The National Ticketing Association (Asociación Nacional de Ticketing – Anatic), an association representing Spain’s secondary ticketing sector, has issued a warning against the conduct of secondary ticketing operators in the country.

Anatic, founded in February 2018 by representatives of three Spanish secondary platforms, seeks to regulate and professionalise the secondary market. The organisation aims to weed out the fraudulent resellers that it believes are to blame for the resale market’s negative reputation.

The association is condemning “unethical conduct: falsification, fraud and resale” specifically with regards to the sale of tickets for the Champions League final in Madrid, but notes that the same practice extends to concert tickets.

Police in Madrid today arrested three individuals, confiscating 21 fake tickets and €3,180 in cash. The police warned against buying tickets outside of official channels.

The football final takes place on Saturday 1 June at Madrid’s Wanda Metropolitano stadium (67,829-cap.).
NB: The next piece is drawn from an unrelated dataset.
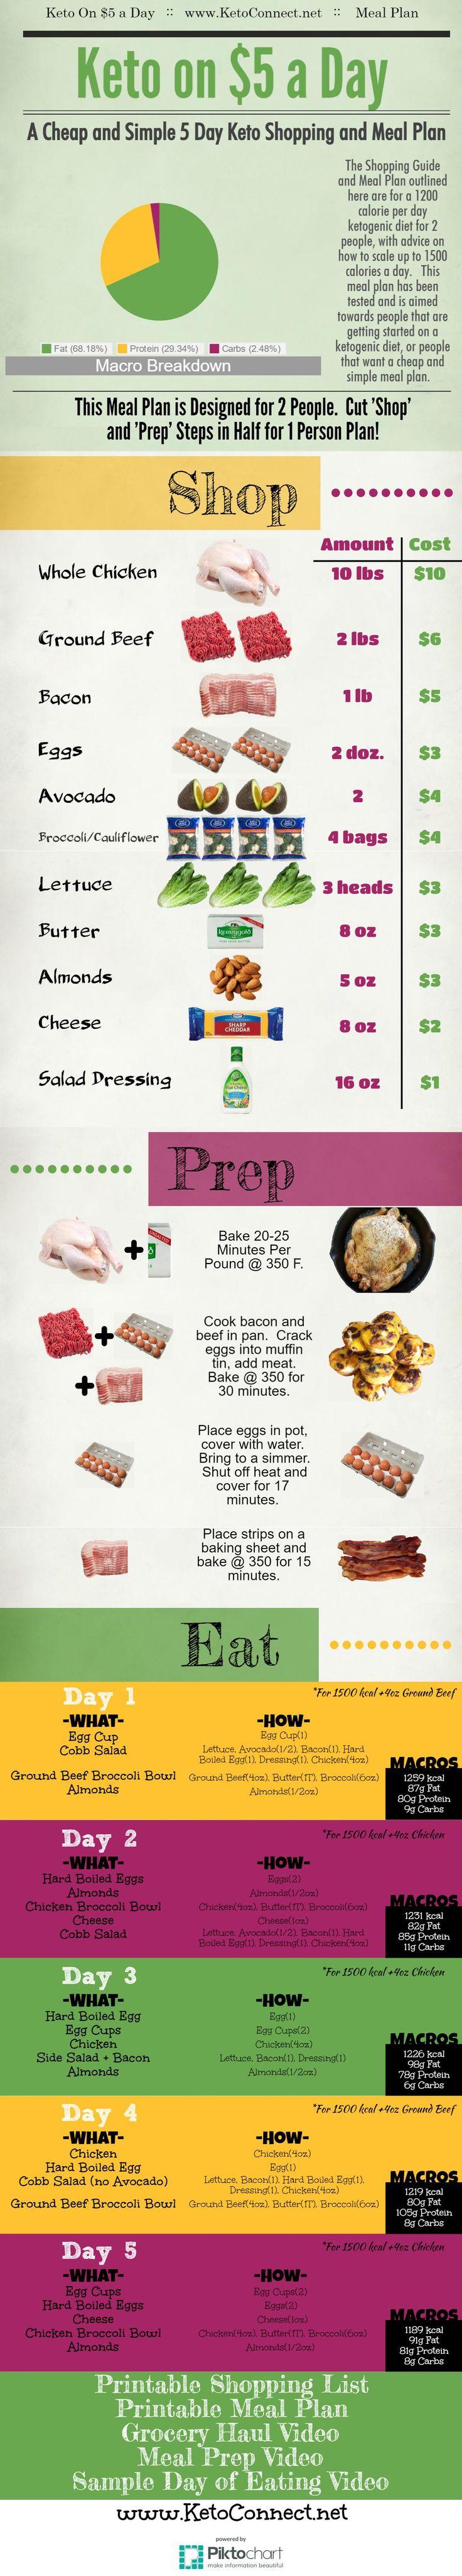 Eine super einfache Art, eine ketogene Diät für 5 US-Dollar pro Tag zu machen. Voller Speiseplan und …

The stadium, which played host to iron Maiden last summer, has a packed music schedule this year, with concerts from Ed Sheeran, Bon Jovi, Muse, Alejandro Sanz and Manuel Carrasco.

“[Regulation would] allow professional companies to operate in the sector in a trustworthy and rigorous manner”

“A number of resale sites are not verifying that they actually possess the tickets before putting them up for sale,” say Anatic representatives, stating that in many cases tickets are sold before appearing on the primary market.

The secondary ticketing organisation also stresses the need for a national register for resale operators, stating that this would “allow professional companies to operate in the sector in a trustworthy and rigorous manner.”

Once again, Anatic calls for the regulation of the secondary ticketing sector to eliminate the presence of “opportunistic actors that generate negative public opinion”. However, the association maintains its position that the secondary market is a “necessary” service.

According to the International Ticketing Yearbook 2018, secondary ticketing remains a contentious issue in Spain. Representatives from the Ministry of Culture called for national legislation on ticket resale in October, following proposals on Congress the previous year. Concrete action has yet to be taken.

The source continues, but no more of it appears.